Особенно интересна "мистическая глава" ССLХII. В ожидании "приближения вещественного я" герой оказывается в неведомом мире, атрибутами которого, по всей видимости, должны были стать буквы древнееврейского алфавита, трактуемые в духе Каббалы, с которой Вельтман был безусловно знаком: "Налево показались строения.

– Какое это селение? – спросил я у извозчика.

– Алеф! – отвечал он" 13

"Алеф" – первая буква (в астрологическом значении означает – мать), является мистическим синонимом: "мир божественный" 14. Здесь, в этом таинственном мире, буквы древнееврейского алфавита оказываются рефреном мистических событий, одним из которых становится бракосочетание героя с девой (видимо, Софией. – С.Д.): «"Не смея поднять своих взоров, я заметил, что прекрасное юное создание показало мне рукою, чтоб я сел… Все молчали, взоры всех были обращены на меня… Нетерпение подействовало… "Я не знаю, какое божество обратило на меня благосклонные взоры свои и доставило мне счастье быть здесь?" – произнес я тихо, обращаясь к молчаливой, прелестной деве.
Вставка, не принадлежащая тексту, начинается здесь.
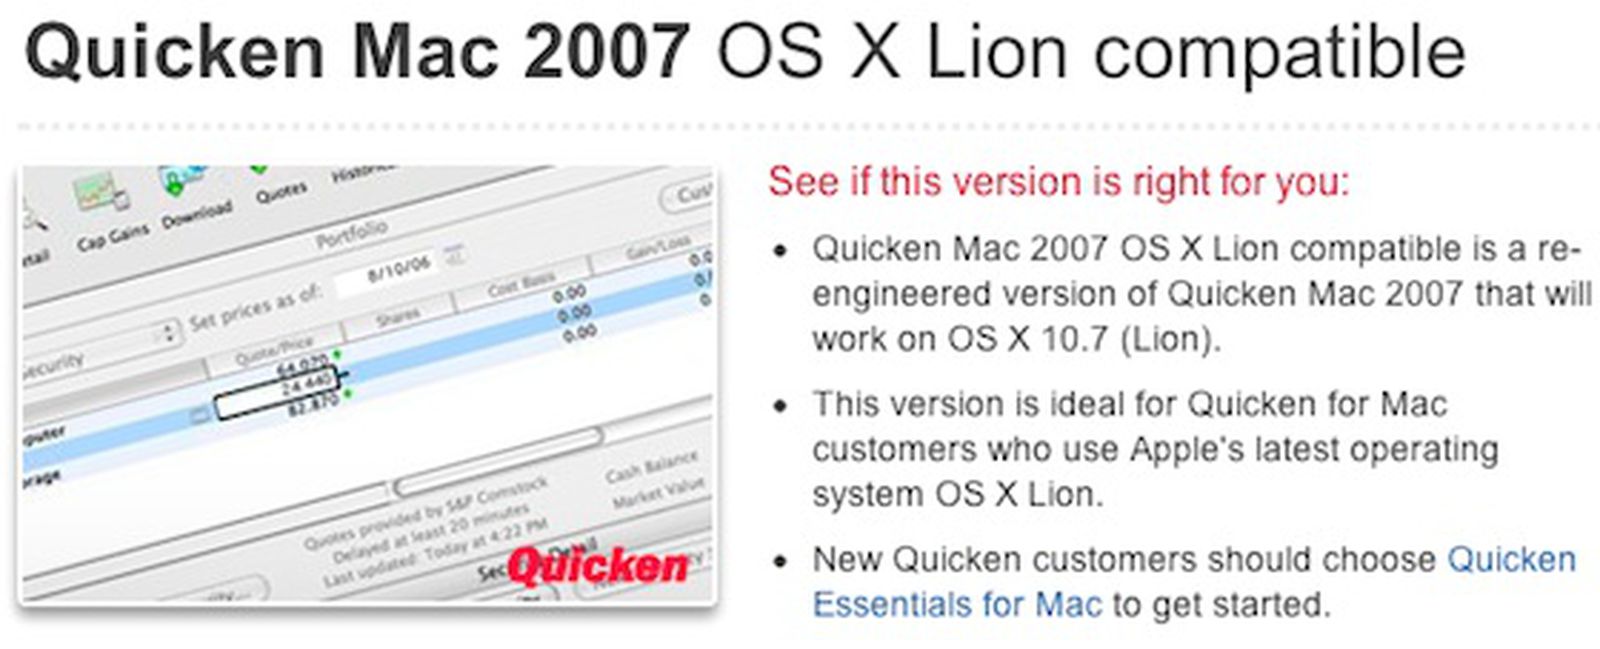 does quicken for mac 2007 work with high sierra

Она взглянула на меня нежно, и слово "Алеф!" вырвалось со вздохом из уст ее. "Алеф! Алеф!…" – раздалось по всей зале шепотом.

Холод ужаса пробежал по мне.

– Не понимаю таинственных слов, – продолжал я, – здесь все таинственно для меня; объясните мне или позвольте удалиться от этих очарований.

"Бэт!" – произнесла тихо девушка. "Бэт! Бэт! Бэт!"- повторилось тихо тысячами голосов.

Я вскочил. "Этого я не в состоянии вынести", – вскричал я.